Что же до Аничкова моста, то это место прелюбопытное. Если стоять на его середине (не стой на проезжей части, болван!) то — слева на одном берегу, за дворцом Белосельских-Белозерских чуть виднеется дом Державина, где он жил уже не с Пленирой, а с Миленой. (Недавно понял, что ошибался - дом Державина аж на Фонтанке 112! А здесь хоть и красивый особняк, да не тот). На другом берегу возвышается за двухэтажной пристройкой Аничков дворец, где когда-то на детских балах танцевала юная Натали Гончарова. А если же посмотреть направо, то на левом берегу Фонтанки за студенческим корпусом Публички угадывается Фонтанный дом — дворец Шереметьева, где во флигеле жила Анна Ахматова,а на левом берегу, во втором доме от угла, жил Никита Муравьев. В “муравейнике” бывал весь цвет русской литературы того времени и порой освежался прохладой во-он на том балкончике. Здорово?!

Помню, как мы под проливным дождем снимали и этот дом и этот балкончик для нашего фильма о декабристах. А вот если спуститься рядом с этим домом на дебаркадер и поплыть на “калоше” по Фонтанке, Мойке, Каналу Грибоедова и далее и далее. Экскурсовод будет чего-то шуршать в свой микрофон, — а ты не слушай — просто смотри на Город снизу, с воды, проплывай под его мостами — влюбляйся!! Очень подходящее место для этого. А когда прпоплывешь по Мойке снова в Фонтанку увидишь это:

А в Мойке, рядом с замком Инженерным,
Мы донную увидели траву...

Попробуй эту кушнеровскую фразу на горьковатый вкус, понюхай воздух — слова пахнут речной тиной, холодной осенней водой. И счастьем. Совсем рядом, там, где Лебяжья канавка впадает в Неву, я тоже написал несколько строчек.

Чугунная решетка,
Свинцовая вода,
Вот зелени щепотка,
Ее кладем сюда.
Вот в серых тучах небо,
Твой зонт над головой,

Подробностей не требуй —
Не будет ни одной...
Рисую я ненастье,
Дождливый город наш,
Подписываю — счастье
Сей пасмурный пейзаж.

Альберт Марке Гамбургский портУже много позже, у того же Кушнера прочел: “Вижу серого оттенка Мойку, женщину и зонт”. Что-то мы все ходим и ходим по одним и тем же местам друг за другом. Но если Женщина, то как же в Питере без зонта? Никак. А вот насчет рисования — полная выдумка: в школе больше трояка по сему предмету не имел, прямую линию провести не умею.
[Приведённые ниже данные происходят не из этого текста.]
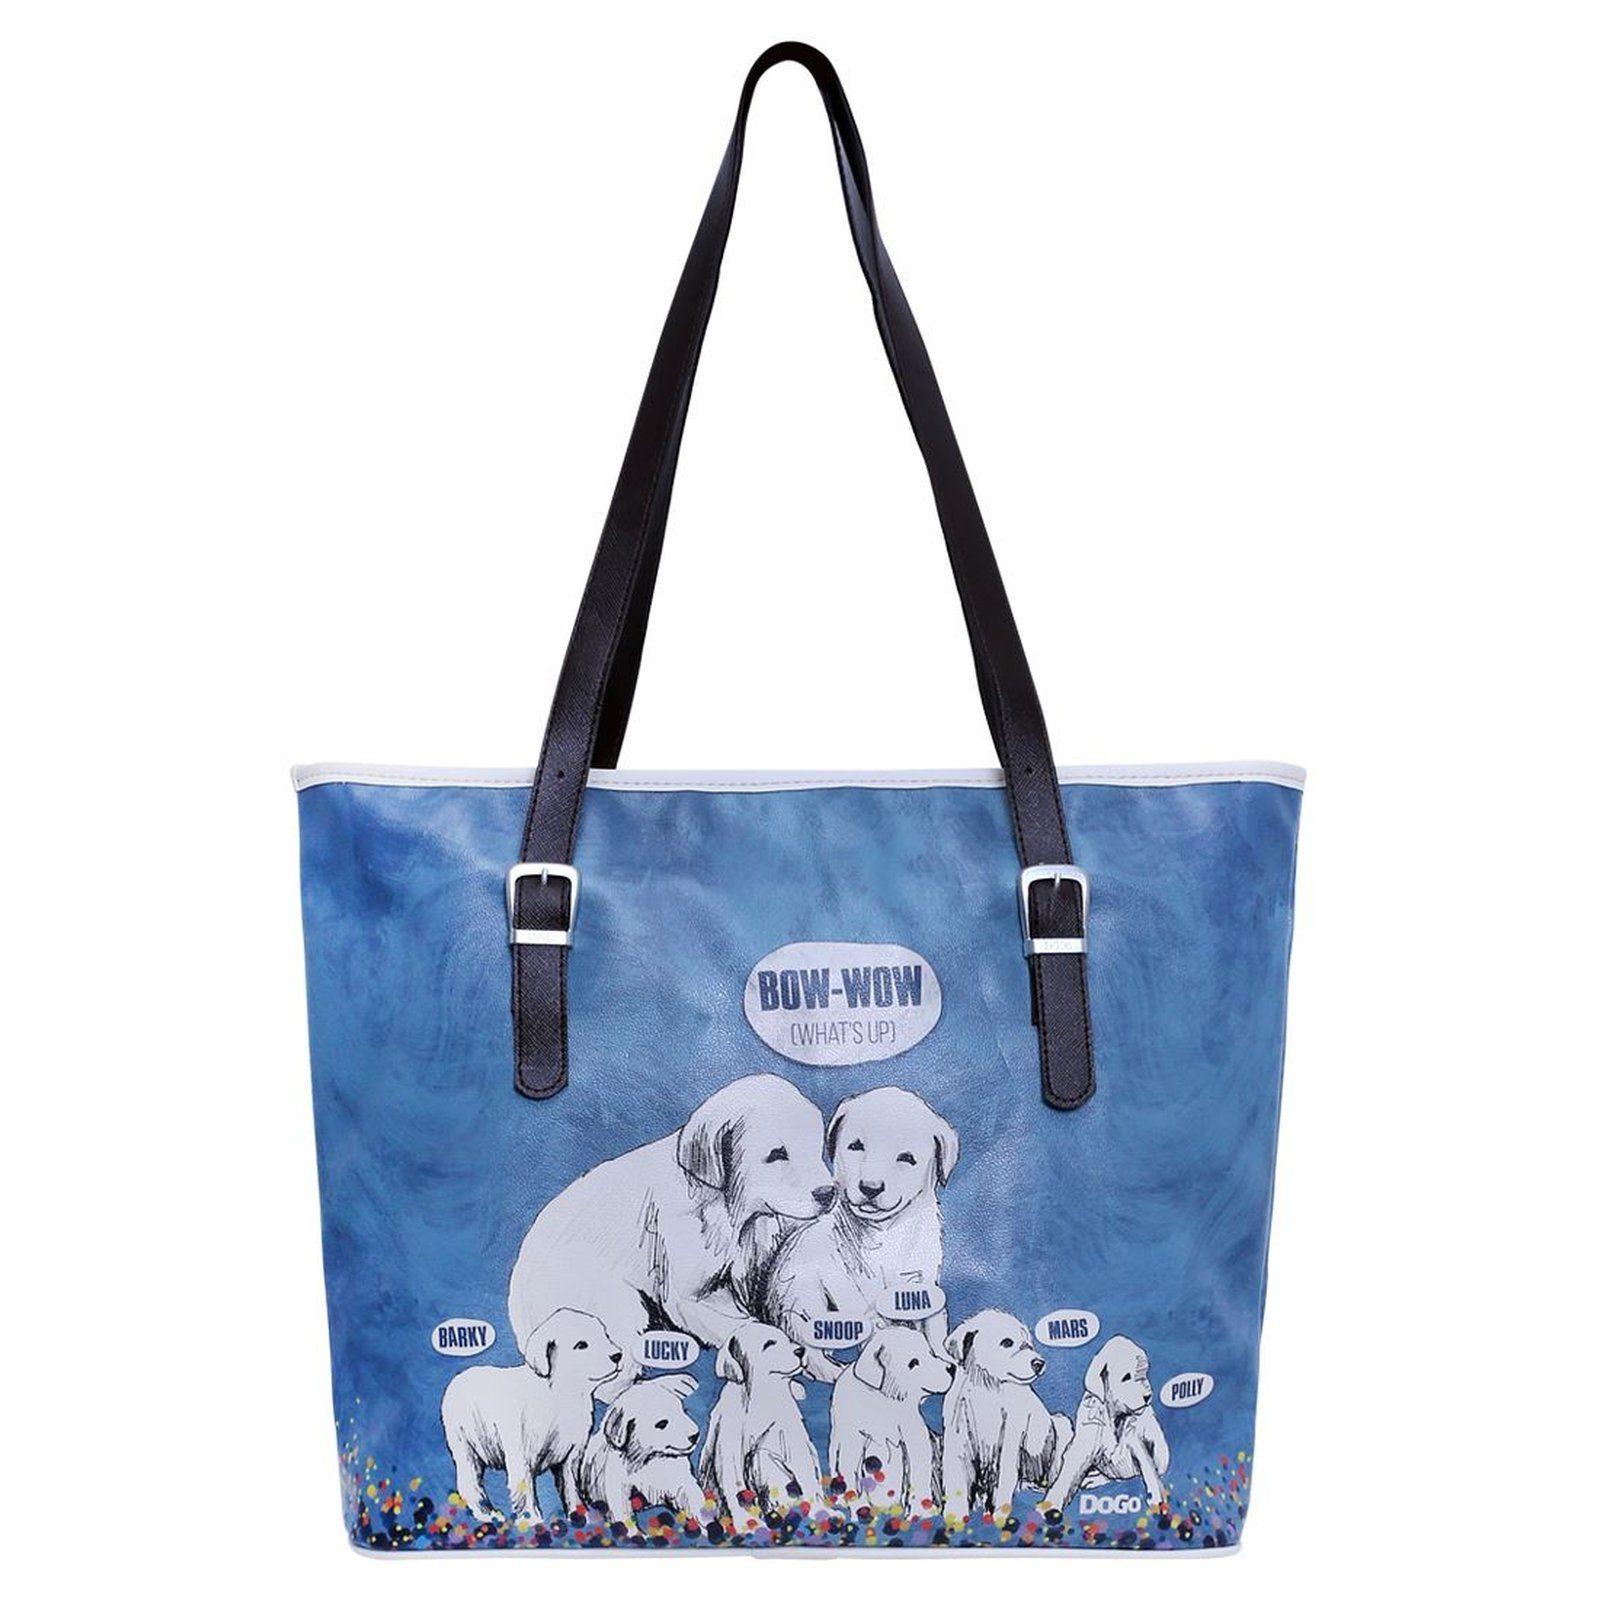 Dogo »buddies«Vegan Schultertasche Dogo »buddies«Vegan Schultertasche Online KaufenOtto Online SUMVpGqz

Все это так, но живопись, но графику — люблю больше всего на свете, больше музыки, стихов и даже архитектуры. И столько могу почувствовать и пережить, сидя на бархатной банкеточке в Эрмитаже, в зале, выходящем окнами на монферрановский обелиск с ангелом, на третьем этаже, до боли в глазах вглядываясь в любимого и наизусть знакомого Альбера Марке, чей Париж так напоминает мой туманный город, а дом, розовый в лучах заката на его картине “Гамбургский порт” тоже так странно знаком, что как будто бы прожил там часть своей жизни. И может быть там, в этой нездешней жизни я и был художником? Хочется верить. Вообще, по каким таким признакам можно понять, что жизнь состоялась? По количеству испытанных разочарований? Нет, наверное по тому, что умеешь делать лучше других.

Вот, например, сколько неприятных минут мне принесло лицезрение себя на телеэкране. Кошмарное зрелище! Именно поэтому обожаю, когда меня закрывают в кадре. А вот на радио — чаще всего нравлюсь сам себе. Стоит включить микрофон — и откуда что берется!? И голос и фразы всякие умные и ваще! Даже по второму разу слушать могу. Значит, умею ? Да, умею, говорю об этом спокойно и с достоинством. Еще кое-чего могу. Но как же много не могу, и и не смогу никогда! Ну так, что повеситься что-ли? Это не главное! Главное же, чтобы хотя изредка, пусть раз в году по коже бегали те самые мурашки — от женской ли красоты, от теплого весеннего ветра, от чужого пенья, от стихов чужих и своих, от музыки, от картины какой-нибудь, от запаха моря, от цвета неба и облаков, от пенья птиц, от шуршания листвы под ногами. Если жизнь — это способ существования белковых тел, то мурашки — самое главное приятное проявление этой жизни. Вот вам всем!!!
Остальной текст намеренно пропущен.